I knew software engineering had solid job prospects and good salaries.
I didn’t know exactly what I wanted to do, but I had a feeling this career could give me the kind of life I imagined.
And one thing I knew for sure: "I’m a fast learner, and I’m not afraid to start over."
When I first started learning to code, I honestly had no idea what I was doing.
The syntax felt foreign, debugging was chaotic, and every new concept was a mini mountain to climb.
But by the end of my first semester, I teamed up with Stonk, Iris, and Angelica to build a little puzzle game called LakyCarcar.
That was the moment it clicked: I genuinely enjoyed this.
Coding stopped being just an assignment—it became something creative, challenging, and deeply satisfying.
I Genuinely Love Development
As I kept diving in, I realized something important:
I wasn’t just doing this for the paycheck.
I genuinely love building software.
Turning an idea into a working product, figuring out how to solve real problems with code, getting that “it works!” moment after hours of debugging—it’s addicting.
I love the creation. I love the problem-solving.
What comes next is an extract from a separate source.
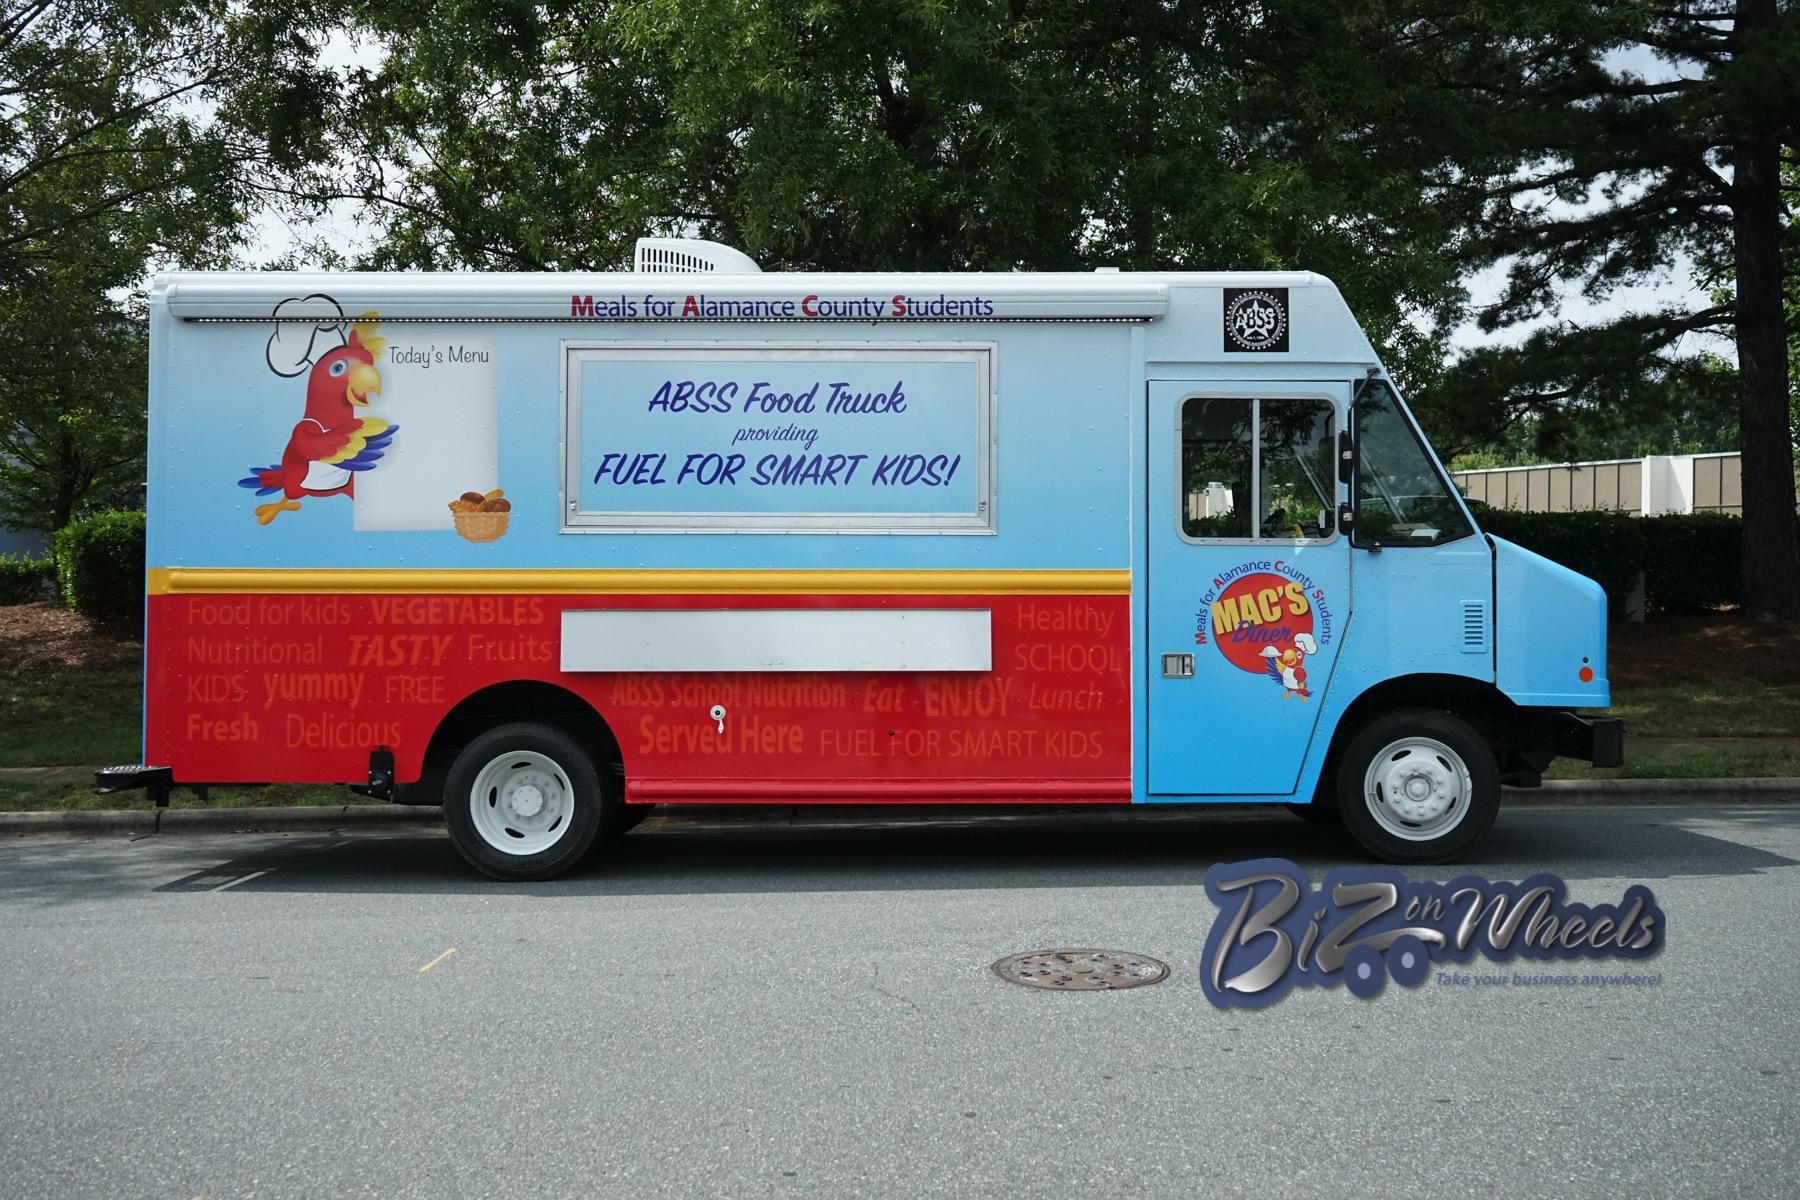 Alamance-Burlington School System Food truck

I love knowing my work can actually help someone.
I Found the Right Path
I won’t lie—sometimes I still feel anxious.
My college friends are about to graduate from chemistry grad school and head into full-time jobs, while I’m two years into a second degree. It’s easy to compare and doubt.
But here’s what I can say, at the end of my second year in Information Management:
I’m truly grateful I questioned my old path.
I’m even more grateful I had the courage to change it.
Because now, I know I’m heading in the right direction.